The DVD for the film was the first to include a digital copy of the film which could be played on a PC or Mac computer and could also be imported into several models of portable video players. Mike Dunn, a president for 20th Century Fox, stated "The industry has sold nearly 12 billion DVDs to date, and the release of Live Free or Die Hard is the first one that allows consumers to move their content to other devices."

==Reception==

===Box office===
Live Free or Die Hard debuted at No. 2, behind Ratatouille, at the U.S. box office and made $9.1 million in its first day of release in 3,172 theaters, the best opening day take of any film in the Die Hard series (not taking inflation into account). On its opening weekend Live Free or Die Hard made $33.3 million ($48.3 million counting Wednesday and Thursday). The film made $134.5 million domestically, and $249.0 million overseas for a total of $383.5 million, making it the twelfth highest-grossing film of 2007. As of 2022, it is the most successful film in the series.

===Critical response===
On Rotten Tomatoes, the film has an approval rating of 82% based on 209 reviews, and an average rating of 6.8/10. The site's critical consensus reads, "Live Free or Die Hard may be preposterous, but it's an efficient, action-packed summer popcorn flick with thrilling stunts and a commanding performance by Bruce Willis. Fans of the previous Die Hard films will not be disappointed." On Metacritic, the film has a weighted average score of 69 out of 100, based on 34 critics, indicating "generally favorable" reviews. Audiences polled by CinemaScore gave the film an average grade of "A−" on an A+ to F scale.

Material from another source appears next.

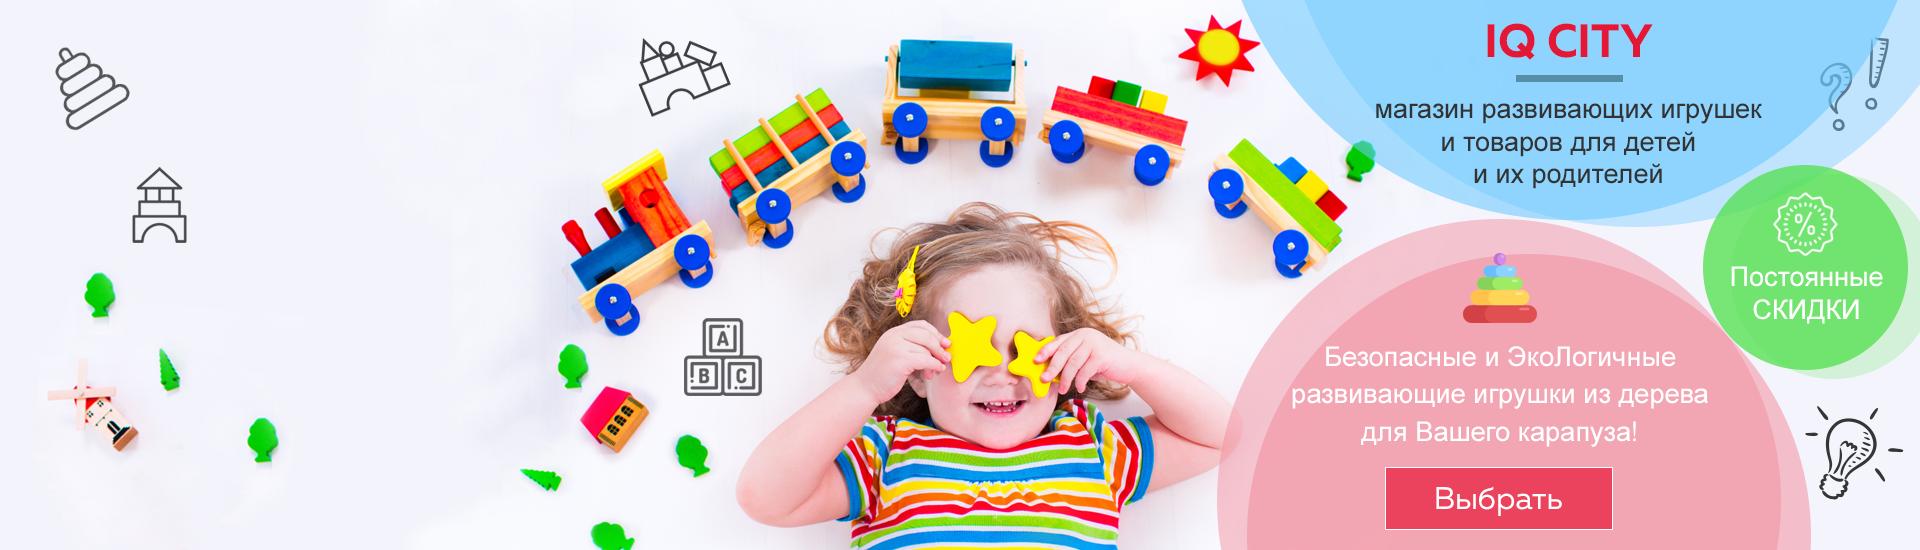 Как выбрать товары для детей

IGN stated, "Like the recent Rocky Balboa, this new Die Hard works as both its own story about an over-the-hill but still vital hero and as a nostalgia trip for those who grew up with the original films." On the television show Ebert & Roeper, film critic Richard Roeper and guest critic Katherine Tulich gave the film "two thumbs up", with Roeper stating that the film is "not the best or most exciting Die Hard, but it is a lot of fun" and that it is his favorite among the Die Hard sequels. Roeper also remarked, "Willis is in top form in his career-defining role." Michael Medved gave the film three and a half out of four stars, opining, "a smart script and spectacular special effects make this the best Die Hard of 'em all."

Conversely, Lawrence Toppman of The Charlotte Observer stated: "I can safely say I've never seen anything as ridiculous as Live Free or Die Hard." Toppman also wrote that the film had a lack of memorable villains and referred to John McClane as "just a bald Terminator with better one-liners".